Ce ne sont que des suppositions car le corps professionnel ou scientifique n’a pas encore réalisé d’étude sur cet impact.

Il aurait été possible de réaliser un calcul théorique de la consommation de carburant des camionnettes par exemple mais d’après les témoignages et les calculs réalisés par la suite nous observons que les déplacements sur site se font plus régulièrement pour la surveillance des animaux. Ce n’est donc pas sur la seule prise en compte de ce point qu’il est possible d’affirmer

que l’écopastoralisme est moins polluant que les pratiques actuelles de l’entreprise ou inversement. Il faut prendre en compte l’ensemble des engins des sites qui sont utilisés pour chaque méthode de gestion.

Pour finir, l’écopastoralisme peut avoir des externalités négatives sur la faune ou la flore sauvage. Même si le pâturage d’herbivores favorise la reproduction d’espèces nichant au sol il peut avoir un impact dû au chargement élevé et à son piétinement (Triplet et al., 2020). Il est donc intéressant d’adapter la gestion écopastorale en fonction de la nidification au sol que l’on peut avoir sur site, d’où l’intérêt de réaliser des diagnostics les plus complets possible.

2.2- La question sanitaire

La question sanitaire liée à la réintroduction de l’animal en ville n’est pas du tout évoquée pour l’écopastoralisme. Pourtant l’hypothèse de problèmes sanitaires liés à l’animal en le réintroduisant en ville n’est pas anodine.

En réintroduisant les animaux d’élevage, la transmission d’agents pathogènes peut être plus directe, car l’homme et l’animal viennent à vivre en promiscuité.
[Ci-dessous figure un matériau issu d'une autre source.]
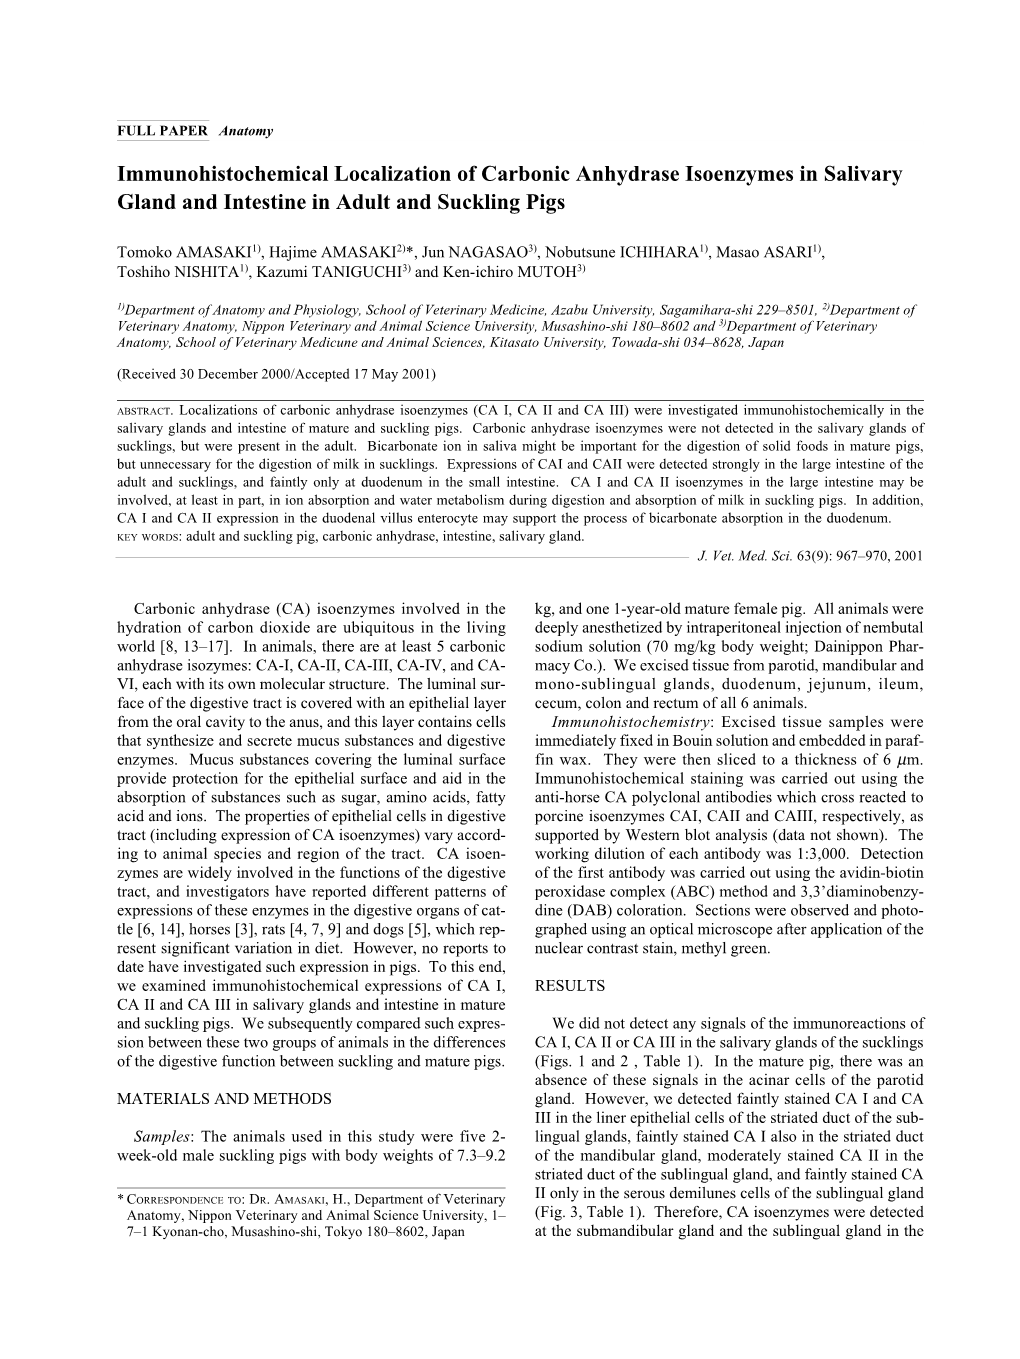 Immunohistochemical Localization of Carbonic Anhydrase Isoenzymes in Salivary Gland and Intestine in Adult and Suckling Pigs

Cette transmission peut se faire indirectement par la souillure de l’environnement public ou bien par vecteurs (puces, moustiques, tiques…).

L’Organisation Mondiale de la Santé (OMS) a défini les zoonoses comme « une infection ou infestation naturellement et directement transmissible des animaux à l’homme et vice- versa »[1]. L’animal joue un rôle principalement de vecteur ou d’espèce-hôte.

2.3- L’appropriation des animaux et leur impact sur le bien-être humain

Les témoignages recueillis lors des entretiens nous montrent que les usagers s’approprient les animaux présents. Les usagers, les habitants développent un sentiment d’attachement et d’appartenance envers les animaux qui se trouvent sur site. Stanislas De Mézerac nous raconte cette anecdote : « Les chèvres étaient collées aux maisons type ‘HLM’, il y avait des voitures brûlées, ça avait l’air un peu agité dans le quartier. Au début je me suis dit que ça n’allait pas aller avec les gamins excités qui vont rentrer dans l’enclos. Et en fait je les ai toujours là-bas. Les gens s’approprient les moutons. Comme ils les voient tous les jours, ils s’attachent à eux. ». Ce témoignage éloigne les préjugés que l’on peut avoir sur certaines zones que l’on caractérise de difficiles et où l’on pense que l’écopastoralisme n’a pas sa place. Or, les gens s’approprient les animaux, les défendent et ne sont pas là pour leur faire du mal. Même si le premier réflexe est négatif lorsque l’on veut mettre l’écopastoralisme en place, la finalité est la même : l’attachement des animaux par la population. Alain Divo a installé des ruminants dans le parc de Sceaux, suite à la demande du Conseil départemental. Les premiers retours ont été très négatifs car l’installation des animaux a induit des changements d’usages : « ça changeait leurs habitudes, ils n’étaient pas contents ». Donc ils ont recréé une piste pour les coureurs et une démarche de communication a été réalisée pour d’autres usages qui pouvaient être détournés plus facilement. A ce jour, il est impossible de retirer les animaux de ce parc, ils font partie de l’environnement.

De nombreuses études montrent que l’animal a des effets bénéfiques sur l’Homme. Tel que son effet apaisant et déstressant, démontré dans des expériences de Aaron Katcher et ses collaborateurs ou encore par Hansen et coll. en 1999. Des études nous démontrent que l’animal

peut avoir un rôle thérapeutique. Même si ces études peuvent être largement critiquées car elles ne se basent pas sur des expérimentations rigoureuses. Mais même en se basant sur des expérimentations rigoureuses il est complexe pour un praticien de développer et d’utiliser le changement apporté par la présence de l’animal (Servais, 2007).